WHAT THE TASK ASKS: Your reply is to be the lines below, exactly as written, with images omitted.

INFORMATION SUPPLIED:
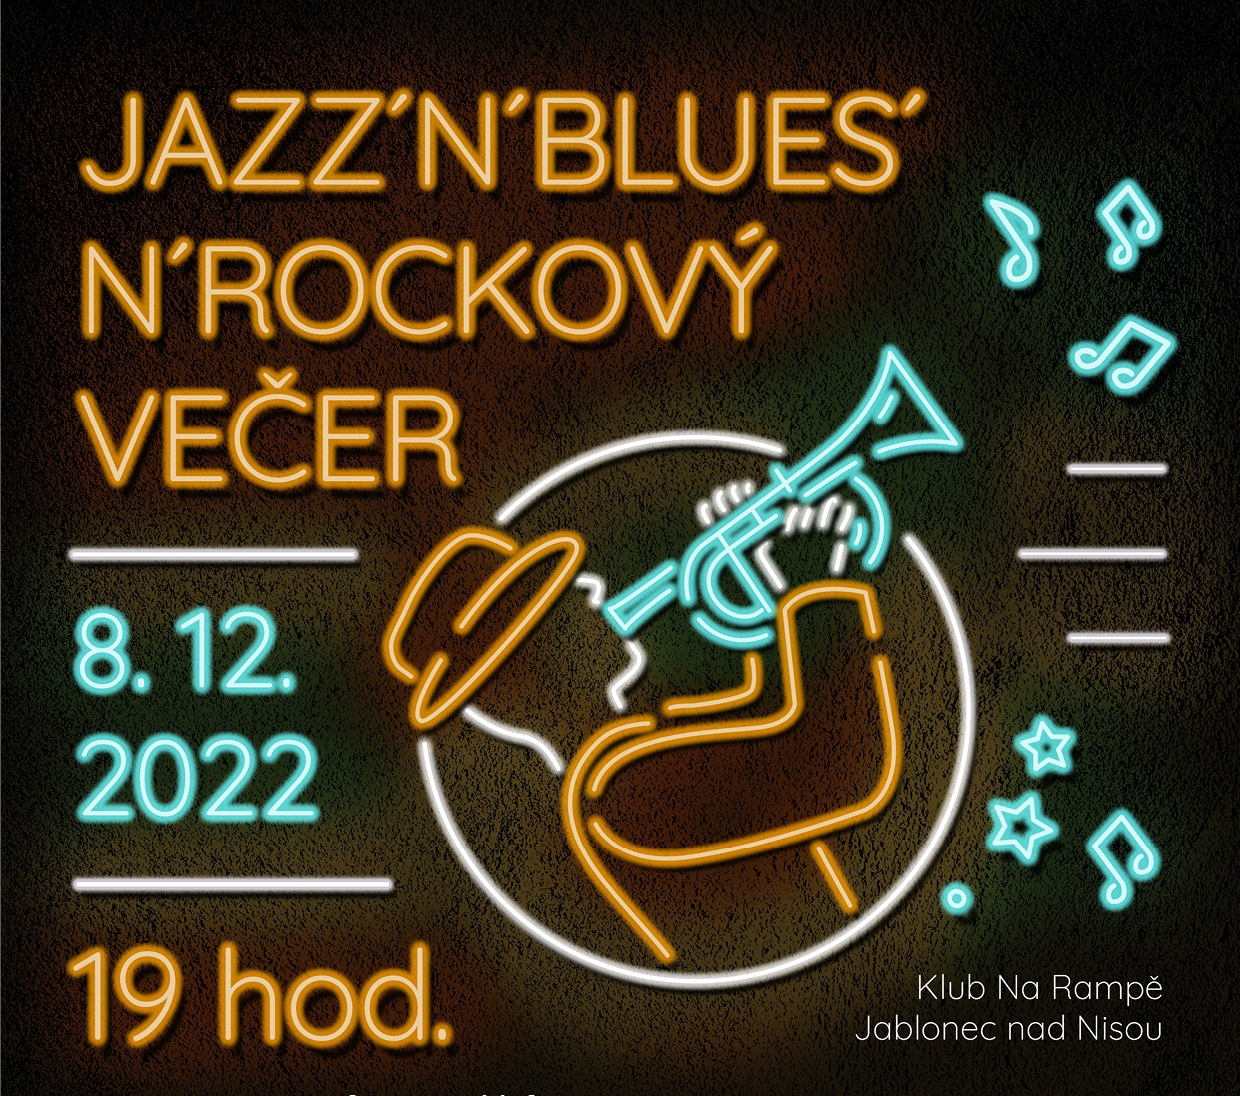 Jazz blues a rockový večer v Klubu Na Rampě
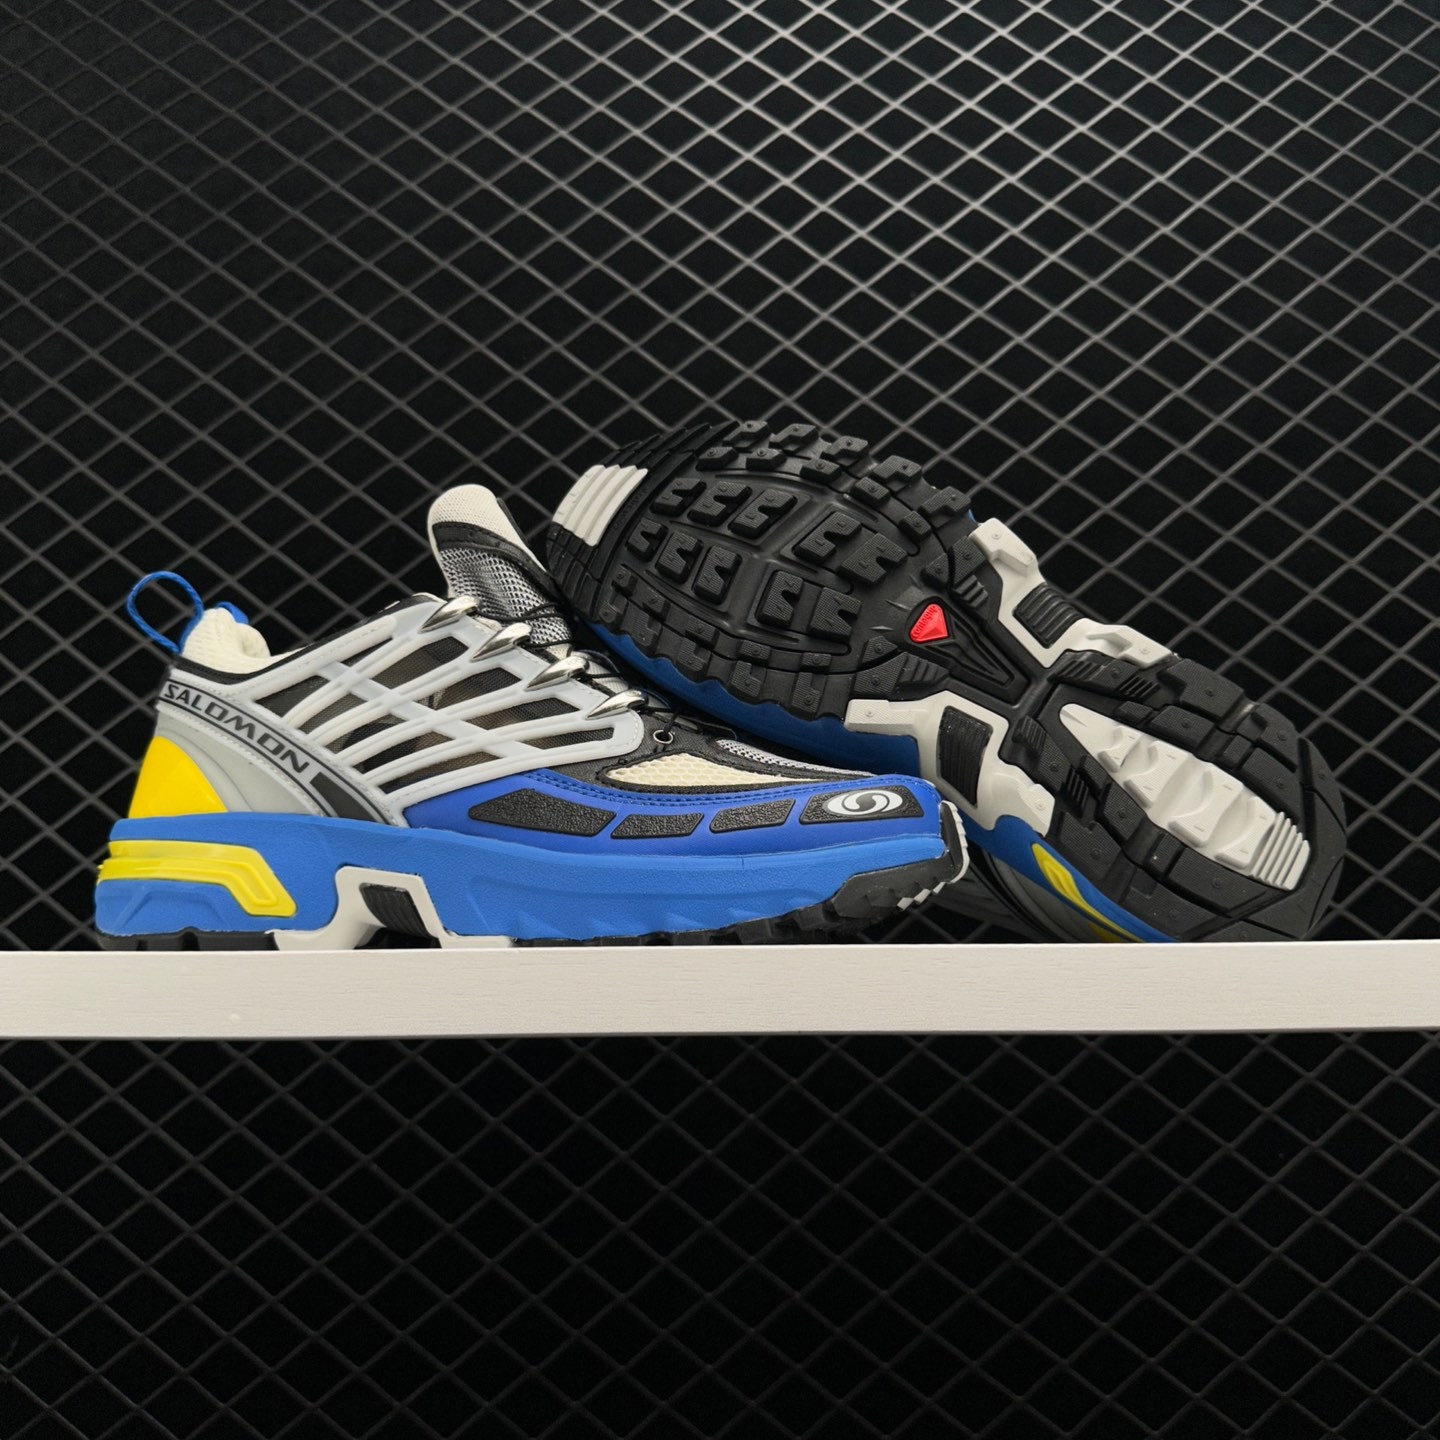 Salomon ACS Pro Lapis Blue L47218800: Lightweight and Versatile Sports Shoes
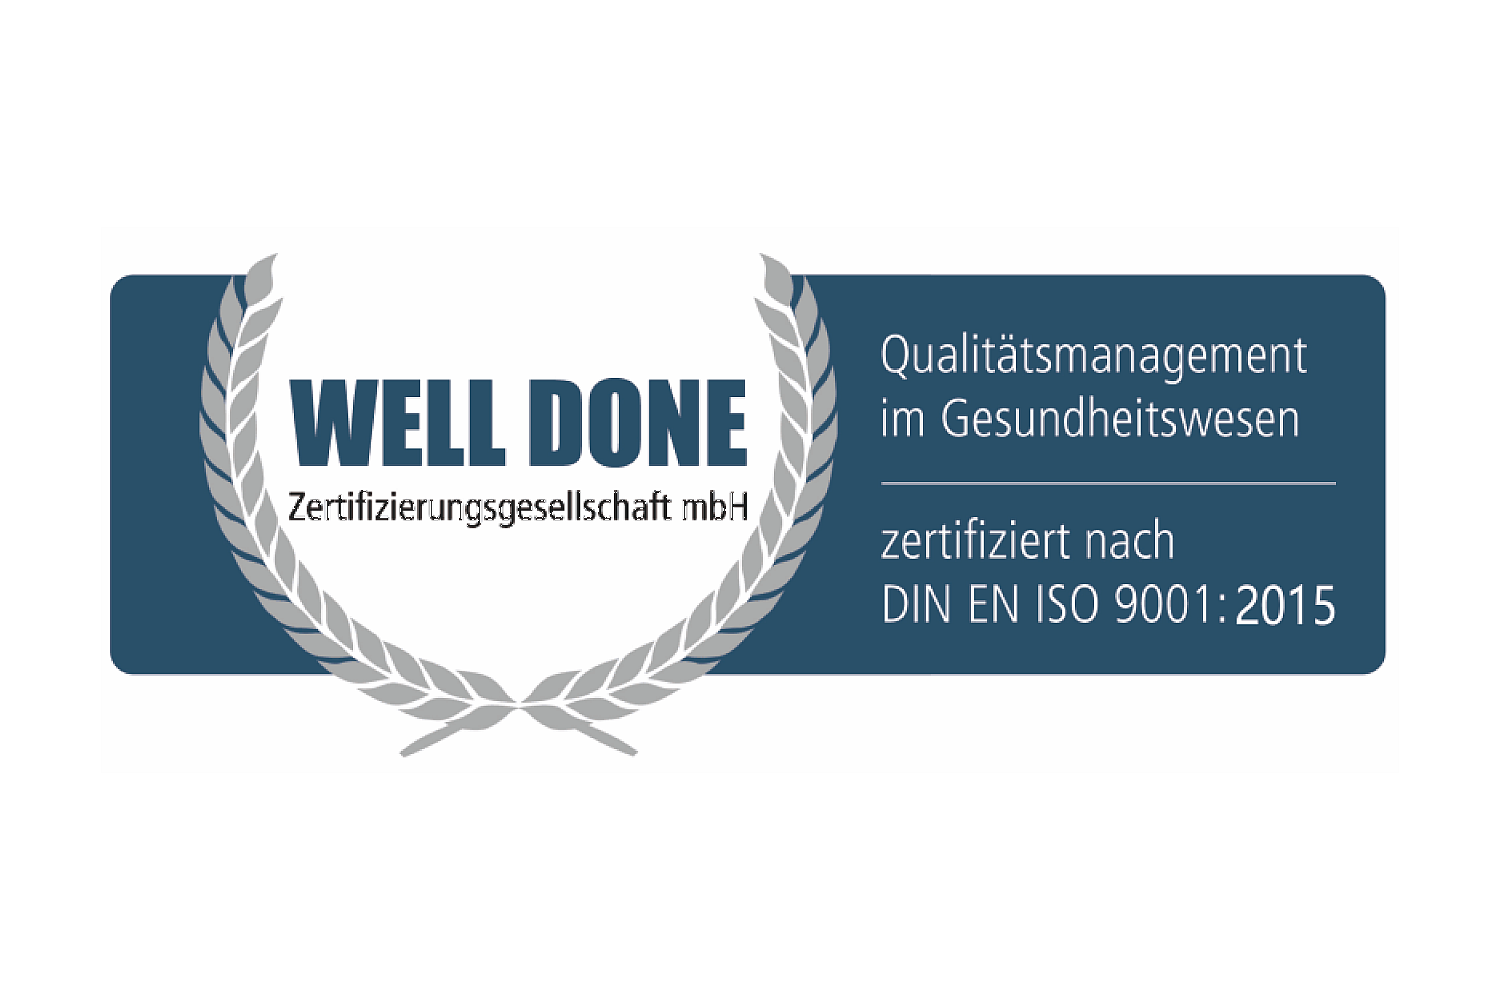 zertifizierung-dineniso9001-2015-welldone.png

EXPECTED OUTPUT:
 Jazz blues a rockový večer v Klubu Na Rampě
 Salomon ACS Pro Lapis Blue L47218800: Lightweight and Versatile Sports Shoes
 zertifizierung-dineniso9001-2015-welldone.png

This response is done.